Com’è facile intuire le due misure sono molto diverse perché l’Adi sarà rivolto a una platea di gran lunga inferiore a quella del Reddito di cittadinanza, prevederà una sterminata serie di paletti e, soprattutto, sarà di un importo ben inferiore. A sostenerlo è l’Ufficio parlamentare di bilancio che dati alla mano dimostra come su quasi 1,2 milioni di beneficiari del sussidio pentastellato, ben 400mila saranno costretti a farne a meno perché esclusi dall’Assegno di inclusione.

Esclusione che avviene perché all’interno di questi nuclei non sono presenti soggetti tutelati. Per i restanti 790mila, invece, in cui ci sono soggetti tutelati, un altro 12% (97mila circa) sarebbe escluso per i vincoli di natura economica. In totale, quindi, i nuclei familiari che beneficeranno dell’Assegno di inclusione saranno circa 740mila, di cui 690mila che hanno già ricevuto il Reddito di cittadinanza e 50mila nuovi beneficiari grazie alla “modifica del vincoli di residenza”.

Ma questa non è l’unica misura del decreto che fa discutere. Nel corso dell’esame in Commissione e in Aula a Palazzo Madama, infatti, sono state introdotte diverse novità. Se nessuno ha granché da ridire sulla proroga dello smart working per i fragili e per i genitori di figli under 14 nel privato fino a fine anno e per i fragili della Pa fino al 30 settembre, ben diversa è la questione del rinnovo senza causali dei contratti a termine, entro i 12 mesi.

Insomma per la stabilizzazione dei precari c’è tempo. Se possibile è ancor più divisivo l’ampliamento del ricorso al contratto di prestazioni occasionali, pagate in voucher, per i lavoratori nei settori dei congressi, delle fiere, degli eventi, degli stabilimenti termali e dei parchi divertimento. Alle imprese di tali settori sarà concesso, in deroga alla disciplina generale, di ricorrere a prestazioni occasionali fino all’importo di 15mila euro a fronte dei 10mila previsti per tutti gli altri settori.

Per non parlare dell’aumento del taglio del cuneo fiscale che rischia di essere una beffa perché oltre ad essere irrisorio, malgrado in esso venga conteggiato anche quanto fatto dall’esecutivo precedente di Mario Draghi, l’importo finale in busta paga sarà ben lontano dai 100 euro di cui si vociferava qualche mese fa e sarà limitato al 2023.

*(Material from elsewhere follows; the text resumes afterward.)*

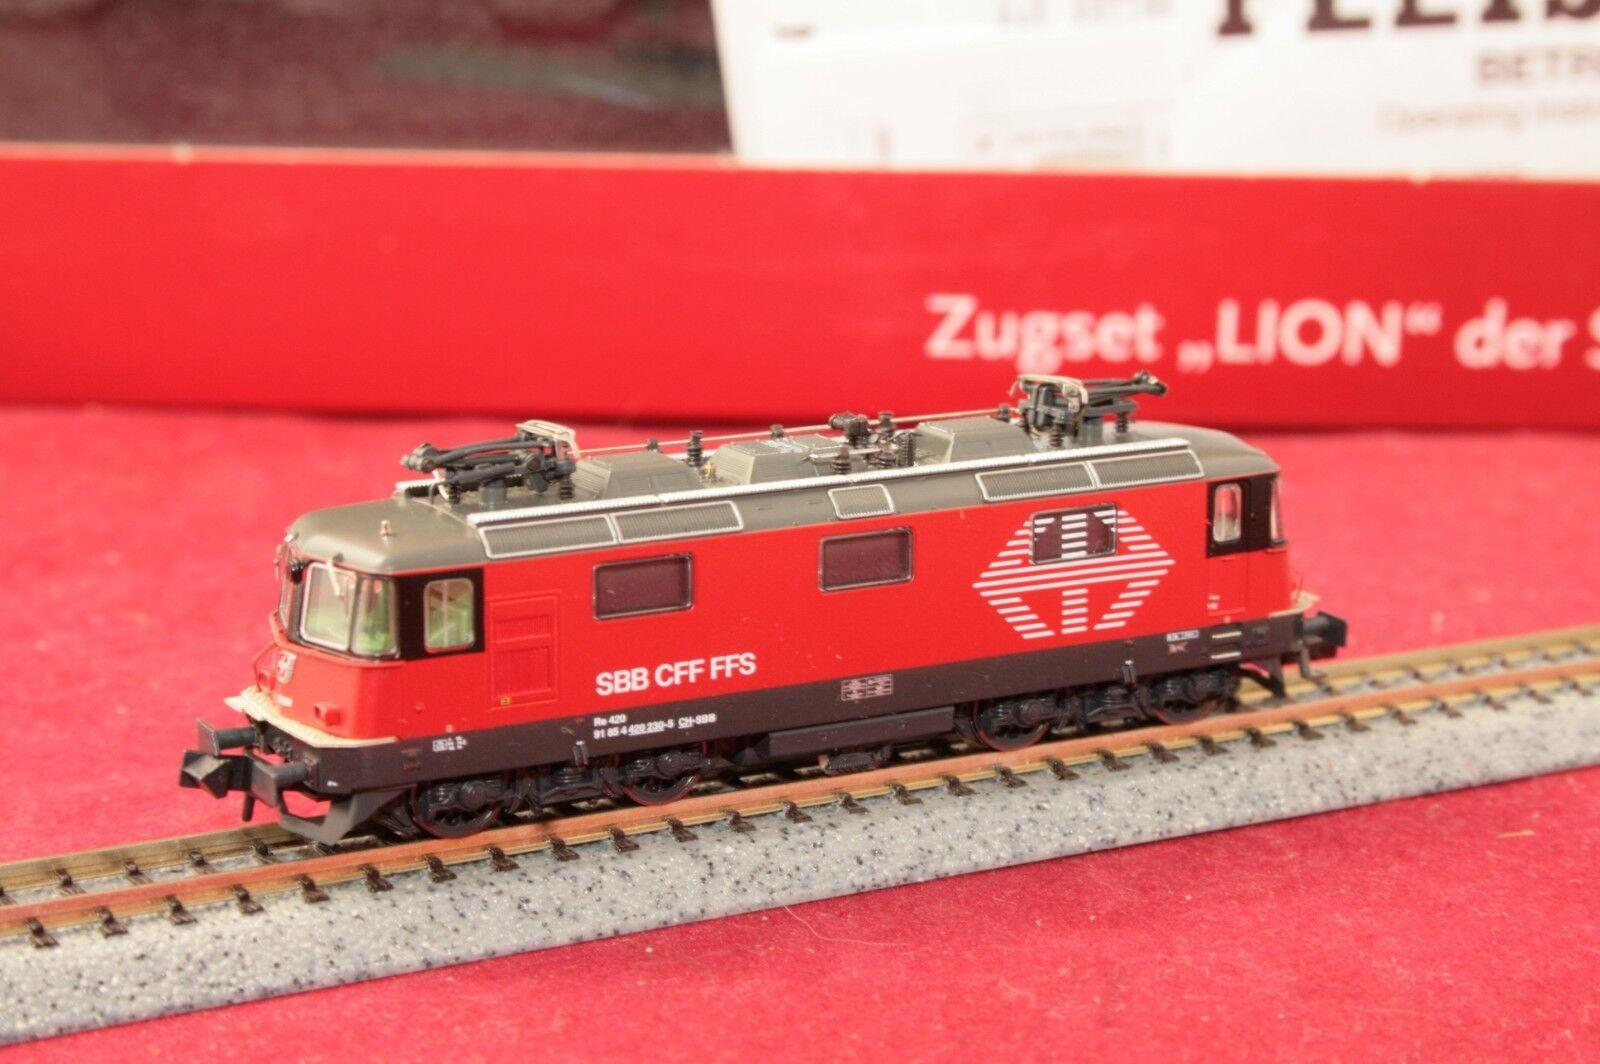 Fleischmann N 734076-1 E-Lok re4/4 420 230-5  Lion  digitale/SUONO + LUCE DI CAMBIO/NUOVO

Dal taglio beffa del cuneo fiscale al boom dei voucher. Per M5S e Pd le destre si accaniscono sui più bisognosi

Tutte ragioni che, com’è facile intuire, hanno creato tensioni in Senato dove prima del voto sui banchi del M5S sono spuntati i cartelli per dire “basta alle vite precarie”. Una protesta a seguito della quale la presidente di turno, Anna Rossomando, ha invitato i pentastellati a rimuovere tutti i cartelli così da poter riprendere la sessione. Ma anche senza gli striscioni, l’aria in Aula è rimasta tesa con gli interventi delle opposizioni che hanno tuonato contro questa opera di smantellamento del welfare italiano da parte delle destre sovraniste.

Particolarmente critica la senatrice M5S, Barbara Guidolin, spiegando che ha ammesso di aver “creduto che con tale provvedimento urgente si sarebbe preso di petto il tema dei salari bassi” ma non è andata così visto che “questo decreto non solo non risponde alle reali necessità e urgenze dell’Italia, ma anzi va in direzione opposta rendendo sempre più precario il mondo del lavoro”. Un provvedimento, conclude la Guidolin: “Per fare un po’ di cassa, tutto solo ed esclusivamente per assecondare il consenso elettorale”. “Avete sostituito il Rdc con una misura che, l’altro ieri, l’Upb ha certificato essere totalmente inadeguata” e “fatto retromarcia sul nostro emendamento per la detassazione delle assunzioni delle badanti: prima sì poi no, con il risultato che a pagare saranno migliaia di famiglie che avete illuso” conclude la pentastellata.

Dello stesso avviso il senatore Pd Francesco Boccia secondo cui “è un provvedimento pessimo, che aumenta la precarietà per le lavoratrici e i lavoratori e punisce i poveri” che renderà “l’Italia uno dei pochi Paesi Ue a non avere una misura universale contro la povertà e di sostegno al reddito”.